What is required :: Could every line of the listing be output exactly, with the pictures skipped?

Information supplied ::
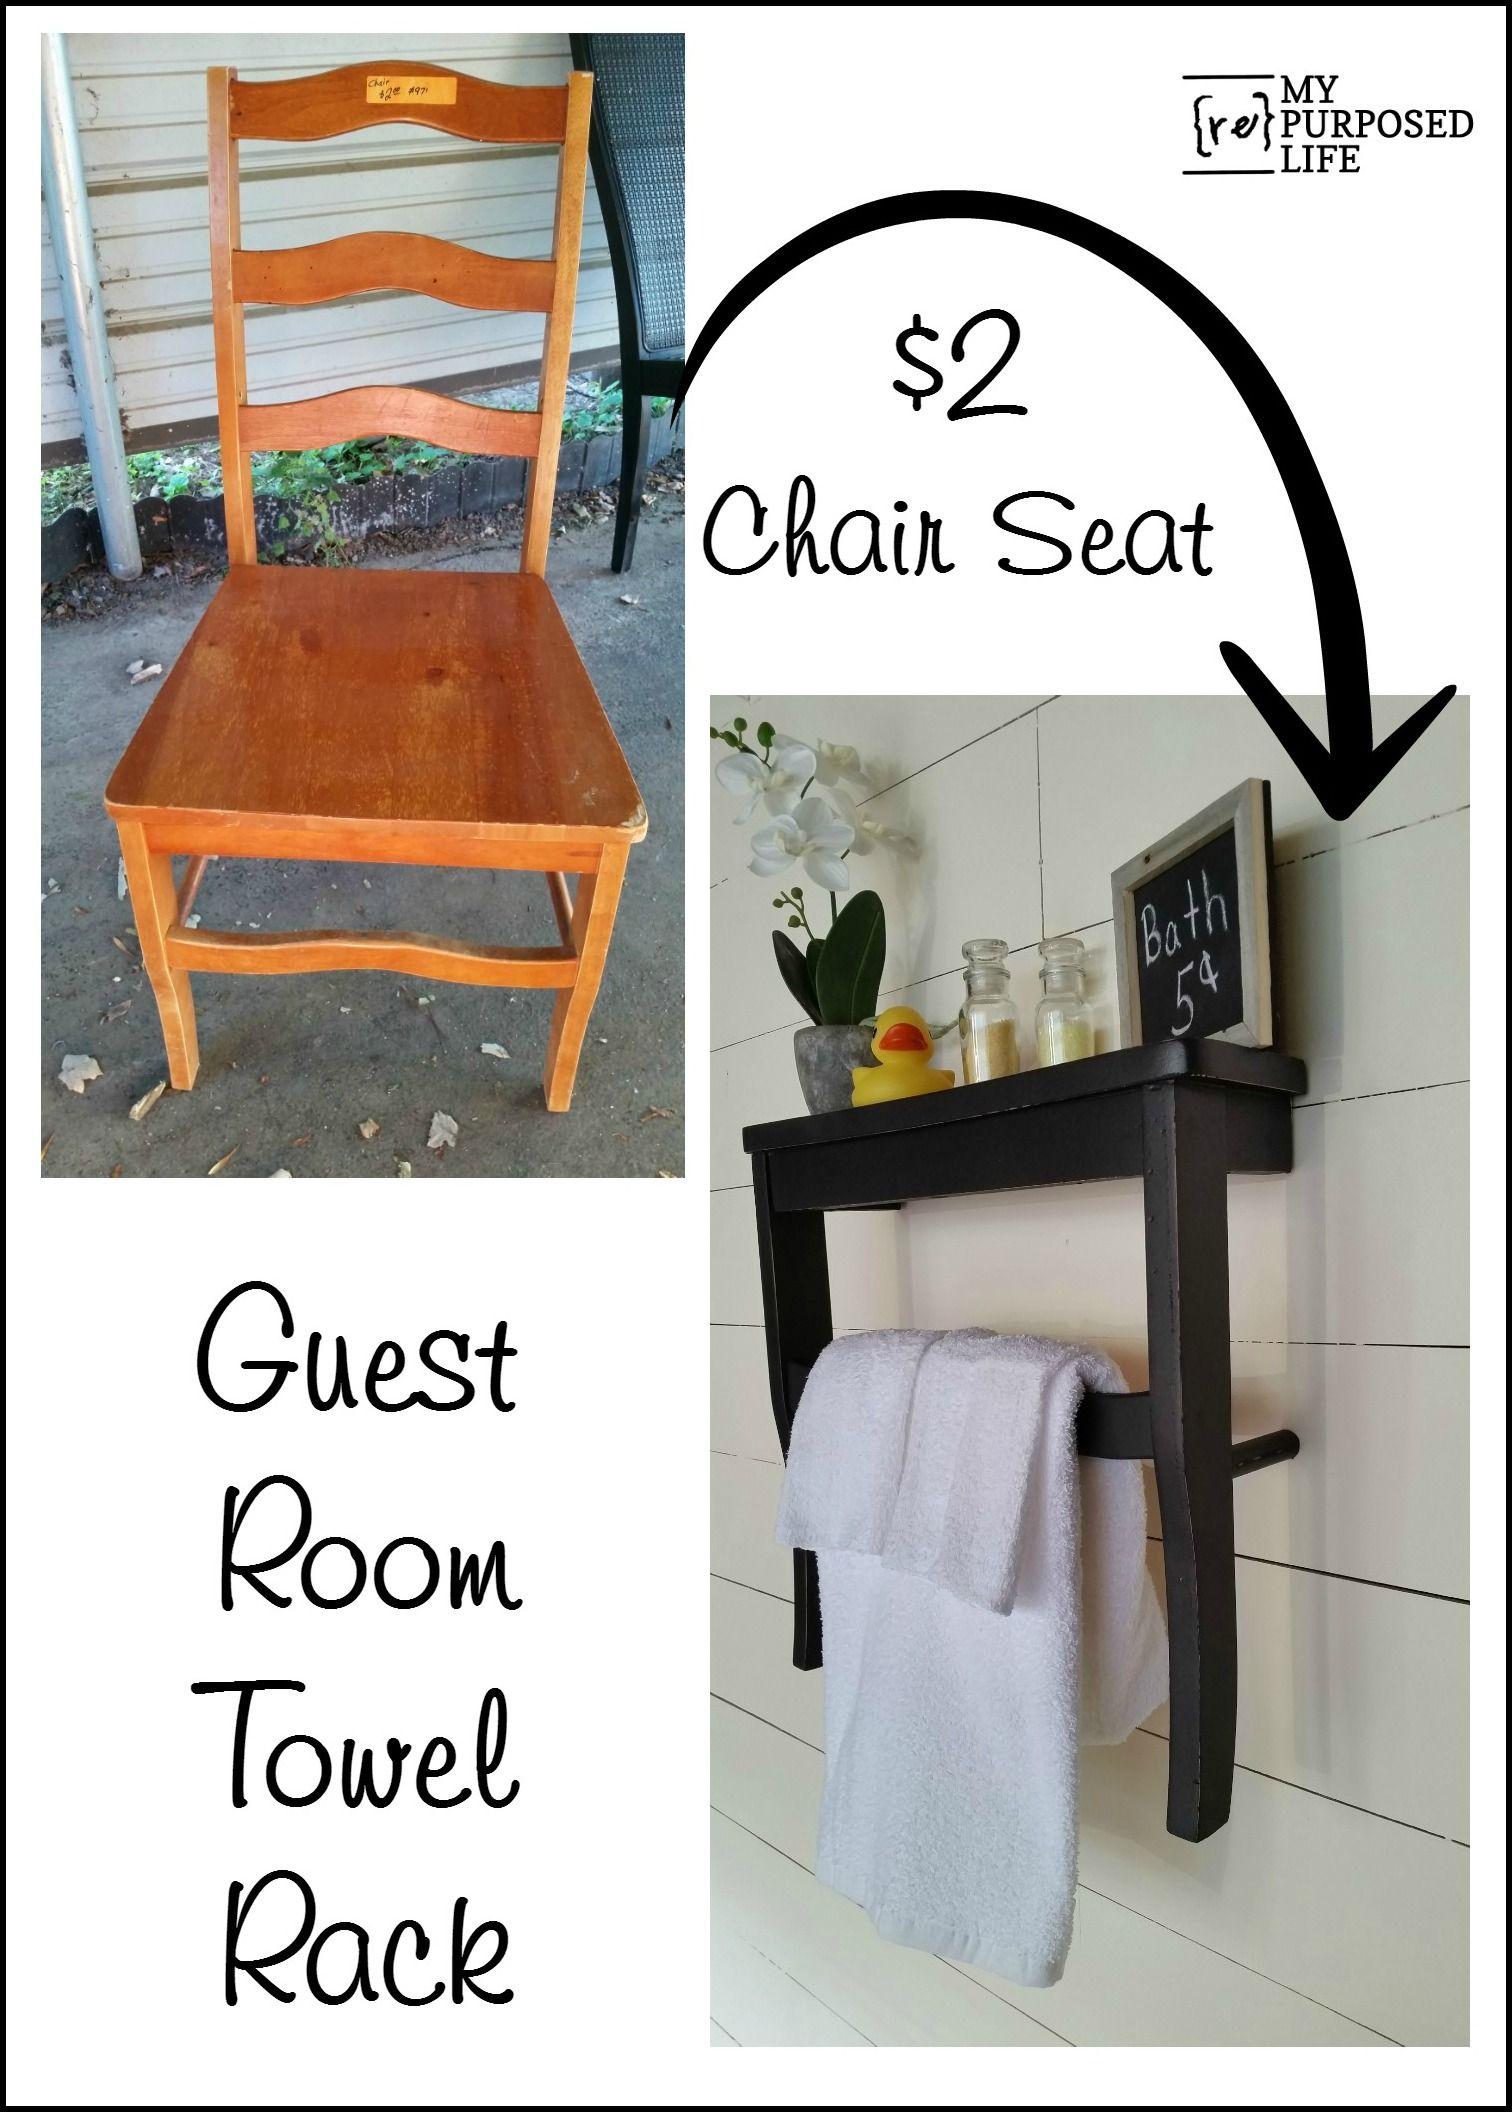 chair seat wall shelf rack shelf towels and shelves. Black Bedroom Furniture Sets. Home Design Ideas
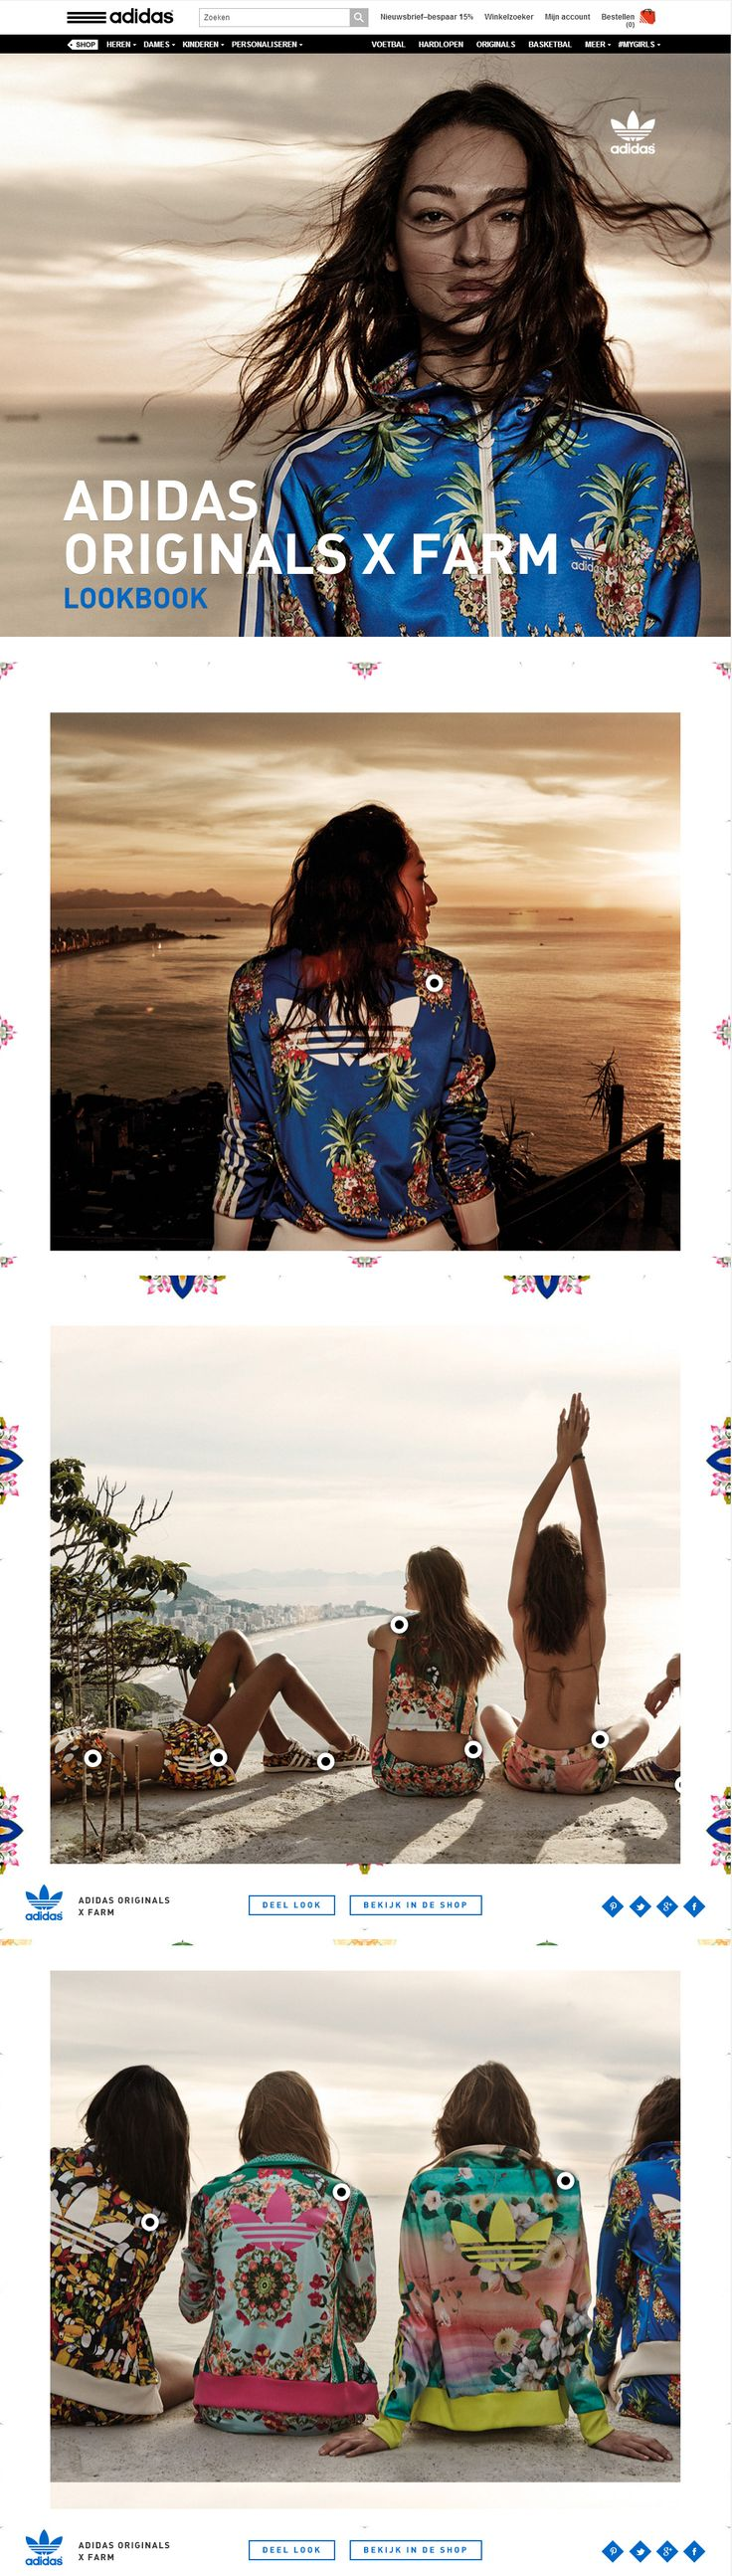 adidas Originals X Farm Lookbook, May 25, 2014.  http://www.awwwards.com/web-design-awards/adidas-originals-x-farm-lookbook #UI #Inspiration #Scroll #OnePage #Colorful #WebDesign #SOTD #Awwwards
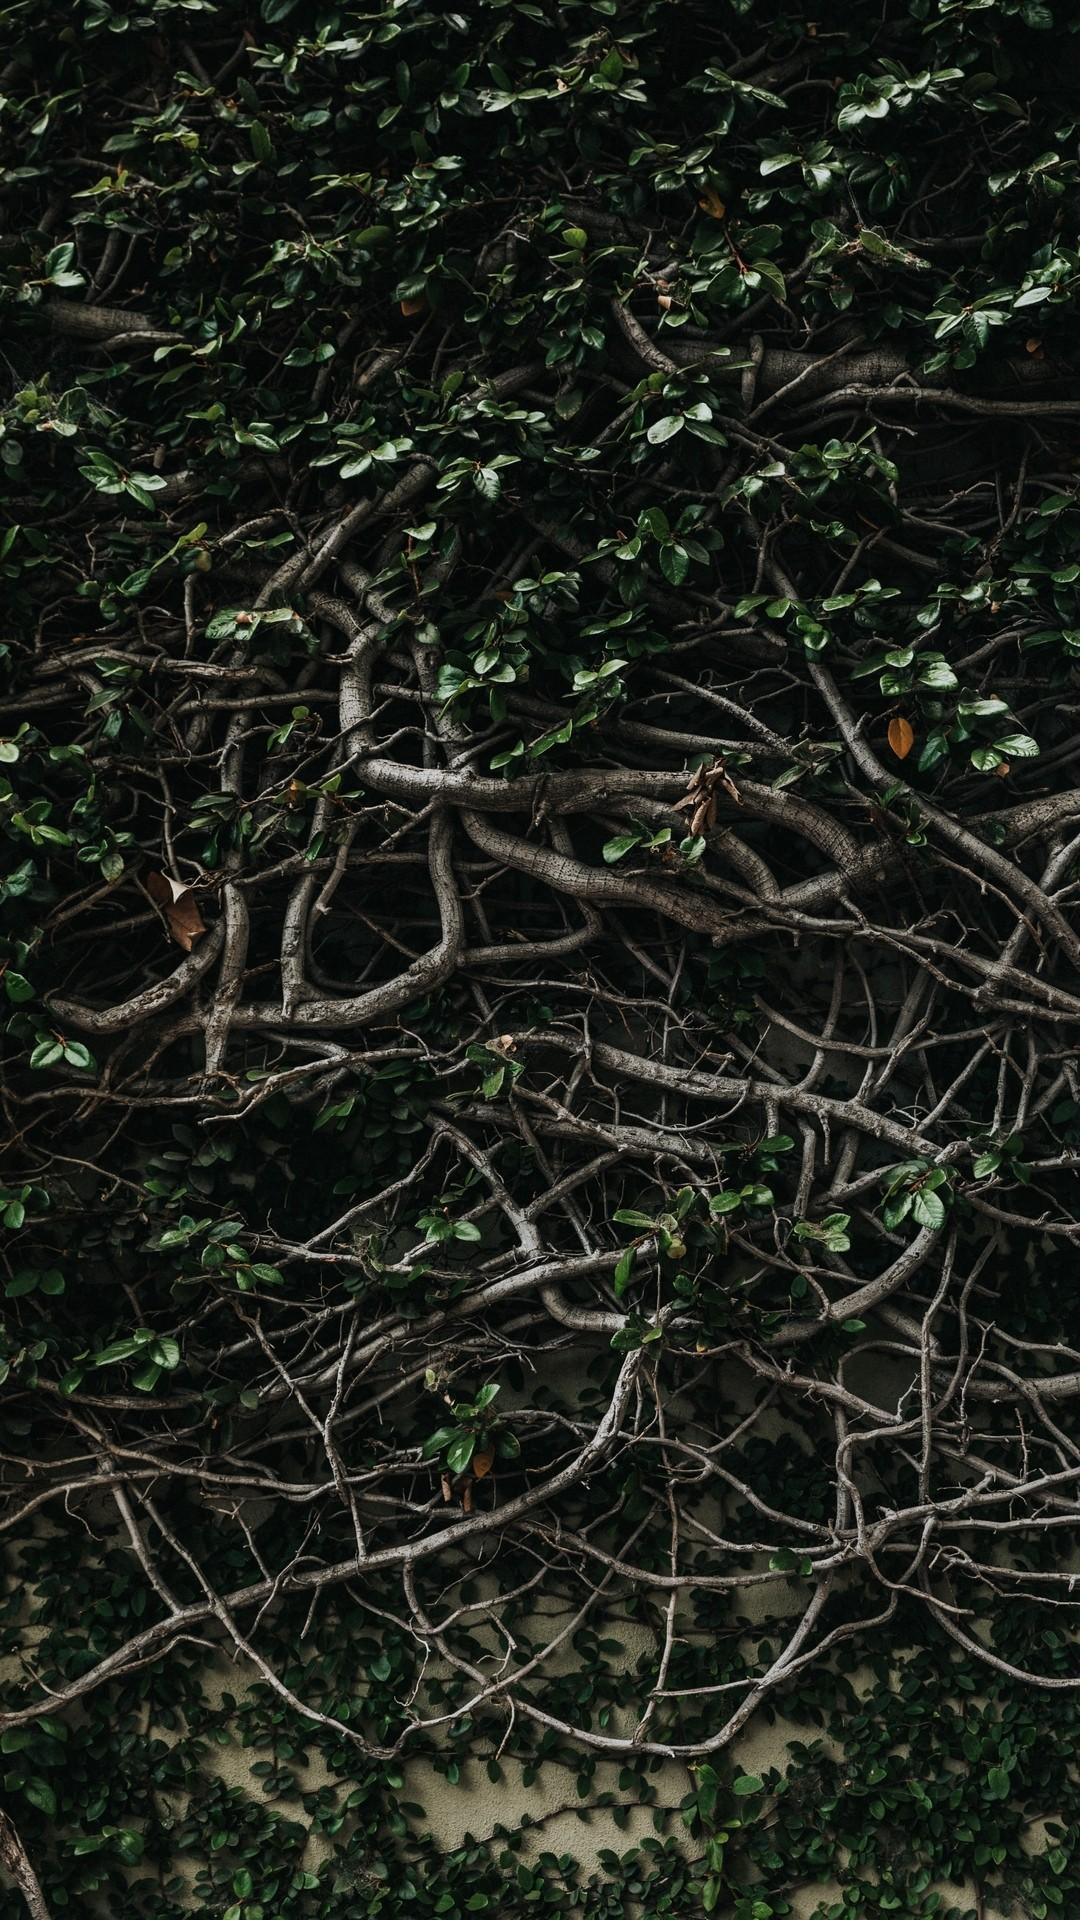 Vineyard Vines wallpaper for iPhone

Result ::
 chair seat wall shelf rack shelf towels and shelves. Black Bedroom Furniture Sets. Home Design Ideas
 adidas Originals X Farm Lookbook, May 25, 2014.  http://www.awwwards.com/web-design-awards/adidas-originals-x-farm-lookbook #UI #Inspiration #Scroll #OnePage #Colorful #WebDesign #SOTD #Awwwards
 Vineyard Vines wallpaper for iPhone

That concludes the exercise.